Data shown:

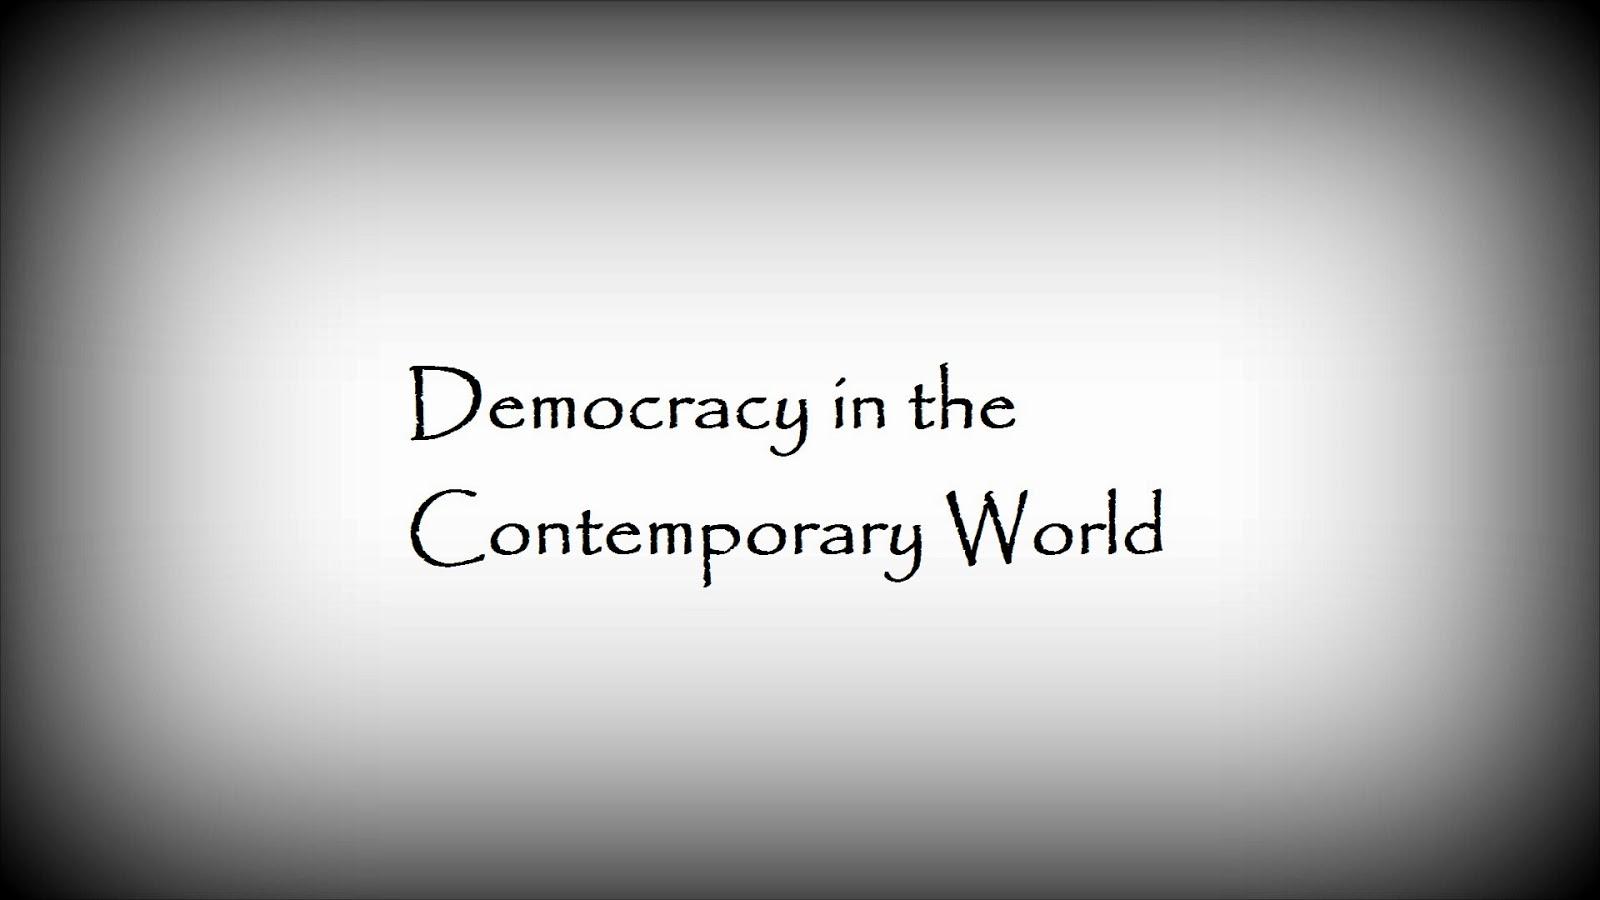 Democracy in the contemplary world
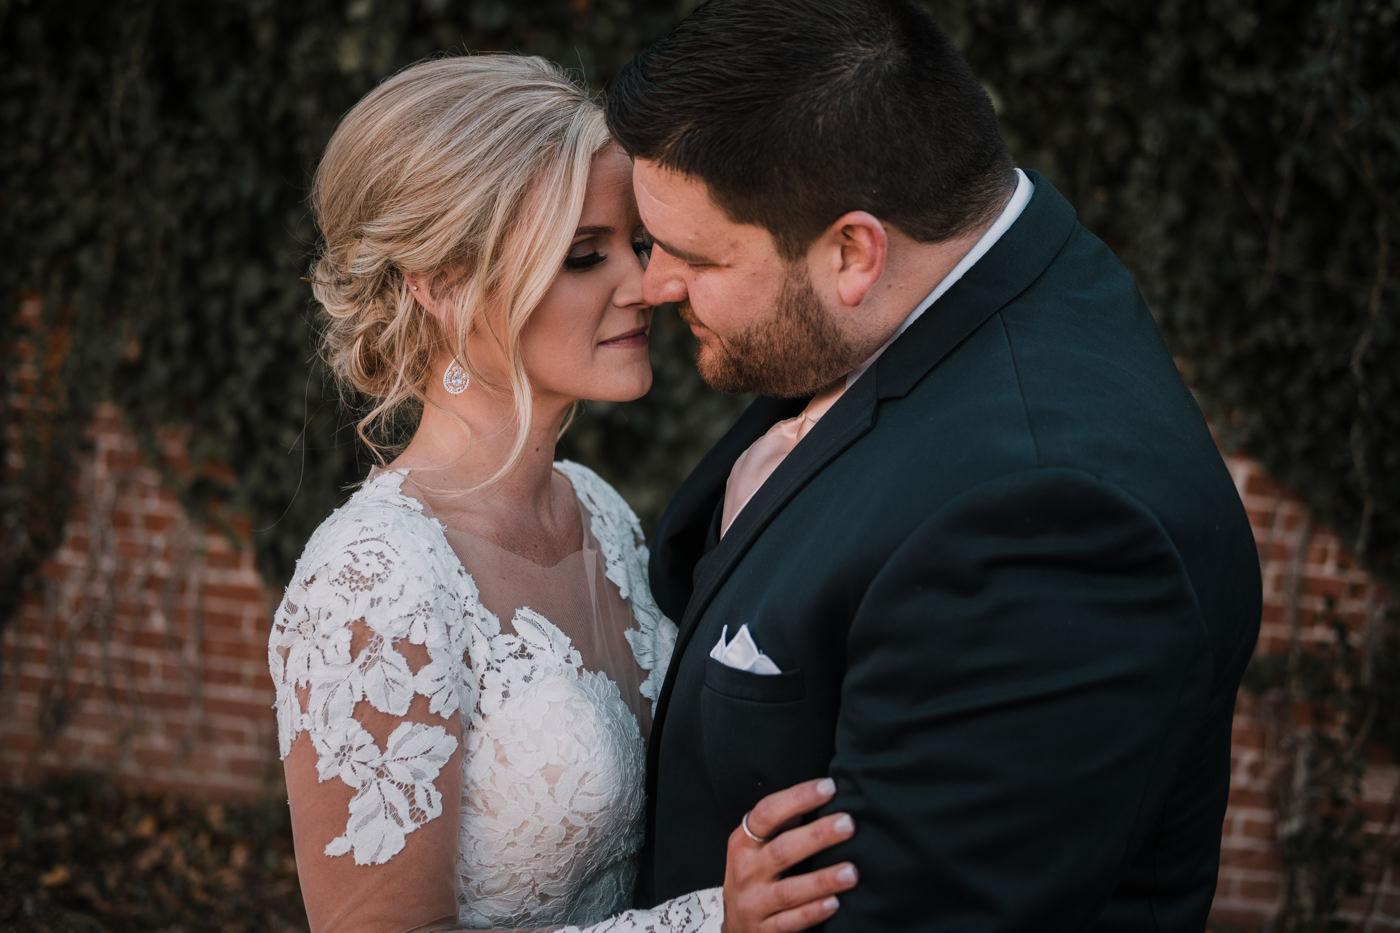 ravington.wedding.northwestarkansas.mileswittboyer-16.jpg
...
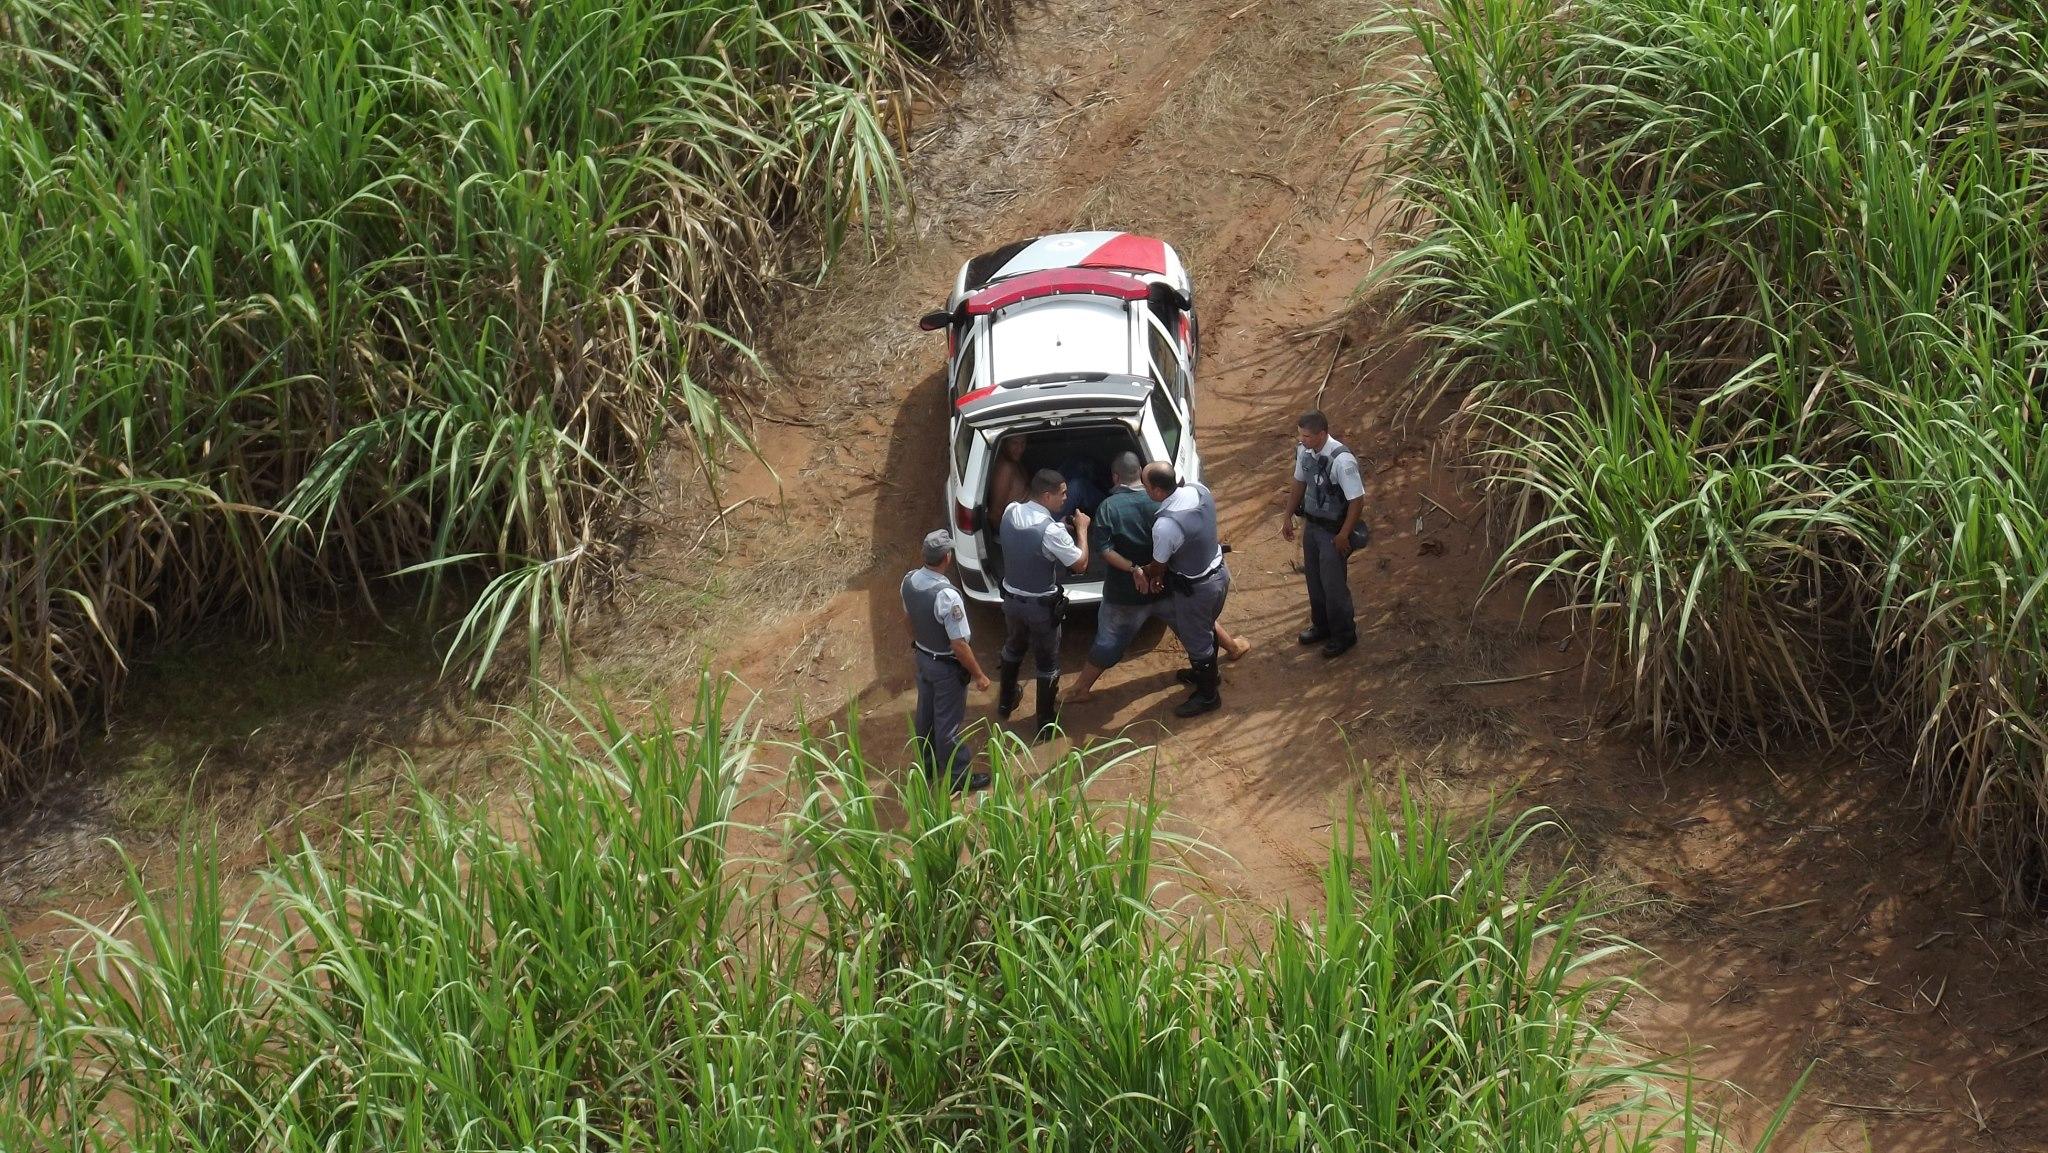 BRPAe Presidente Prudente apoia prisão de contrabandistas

Activity: Would you please reproduce the entries above, starting at the line with "Democracy in the contemplary world" and stopping after the line with "ravington.wedding.northwestarkansas.mileswittboyer-16.jpg"? Omit any pictures.

Exercise result:
 Democracy in the contemplary world
 ravington.wedding.northwestarkansas.mileswittboyer-16.jpg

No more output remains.